We had a great first year, but in late November 2009 we got a notice from the bank that the escrow account was overdrawn by about $2400. A little investigating showed us that we had been charged the wrong tax rate. We should have been charged Homestead Tax for owning and living on the property, but we were instead charged with Non-Homestead Tax which is about double the Homestead rate.

Escrow wanted to recoup this shortfall within 30 days of the notice, but we couldn't make that happen in the time allotted. Escrow's fall back position was charge the shortfall over 12 months (with fees) as part of our mortgage payment. This increased our payments by about 45%. We had hope that contacting the city would correct the rate and provide us with a refund for the over-payment fairly quickly, so we decided to run a deficit on the checking account at the mortgage bank that we set up for automated payments (and a lower APR).

Time marched on, and we made no headway with the city. They wanted proof of residency. We gave them months and months worth of this bill and that bill and they still weren't satisfied. Even after resubmitting whatever form they said was missing initially, our tax rate wasn't adjusted from that point forward.

By the spring of 2010, the computing power behind the checking account decided to close the account. As we were still unable to make the bigger payments, a deficit began to grow directly on the mortgage account. I began to dread every knock and every call. This began to trigger foreclosure proceedings that culminated in a Sheriff's sale in October 2010.

The six month Right to Redemption period wasn't any less stressful. We were still trying to get things straight with the city and the refund we were sure we were due could get us square with the bank. I was hoping that a private buyer at the foreclosure sale would extend an offer to stay on as renters.
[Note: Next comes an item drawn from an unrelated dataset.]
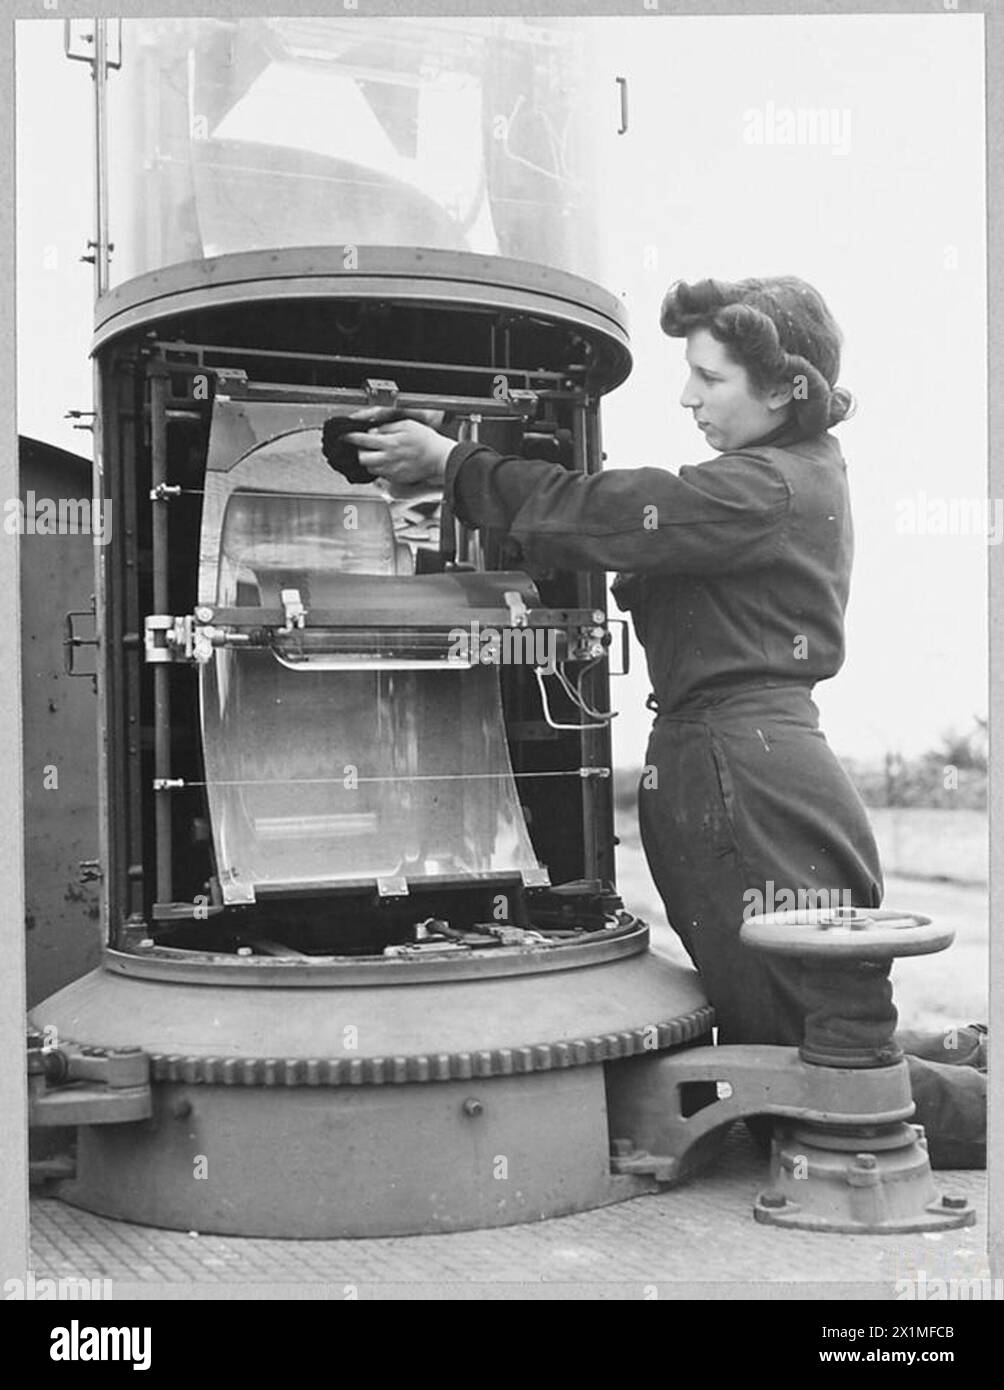 W.A.A.F. A.F. CUSTODE DEL FARO - Airfractwoman Eileen Webb del 47 Monins Road, dover, è una delle tante ragazze W.A.A.F. il cui compito è la manutenzione dei fari aerei che fanno parte dell'equipaggiamento di volo notturno delle stazioni di bombardamento R.A.F. Venti anni, Aircraftwoman Webb era un impiegato in un ufficio di disegnatore prima di diventare un elettricista della W.A.A.F. Foto (pubblicata nel 1944) mostra - Aircraftwoman Eileen Webb al lavoro sulla sua casa faro, la Royal Air Force Foto Stock

In April 2011, the letter finally came announcing we had 7 days to vacate the property. It hurt. I felt like a failure as a husband and a provider. We yelled. We cried. We prayed. It became clear that it was okay to walk away. We found an apartment, and we found a storage unit. We had loads of help from those nearest and dearest to us, who were all shocked by the news. It turns out we had a little more than 7 days to get everything out, but by the time we were served with the court papers, we were at peace with the situation. We handed over the keys with out a fight, and found a little more room in our budget by letting go.
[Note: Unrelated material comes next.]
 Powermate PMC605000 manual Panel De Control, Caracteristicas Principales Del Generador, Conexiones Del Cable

It seems like the deck was stacked against us from the beginning, but we weren't financially ready to be homeowners. That was a very hard lesson to learn.

1 comment:

Unknown said...

It must be quite hard indeed, but what's important is that through it all, you and your family have made it through. It's quite frustrating that one problem that started initially as the wrong tax rate charged on you become compounded enough and led into this. But now that it's over, a huge weight must have been lifted by now off your shoulders and you can focus more into things that really matter. Having a foreclosure doesn't reflect on your capability as a husband and a provider.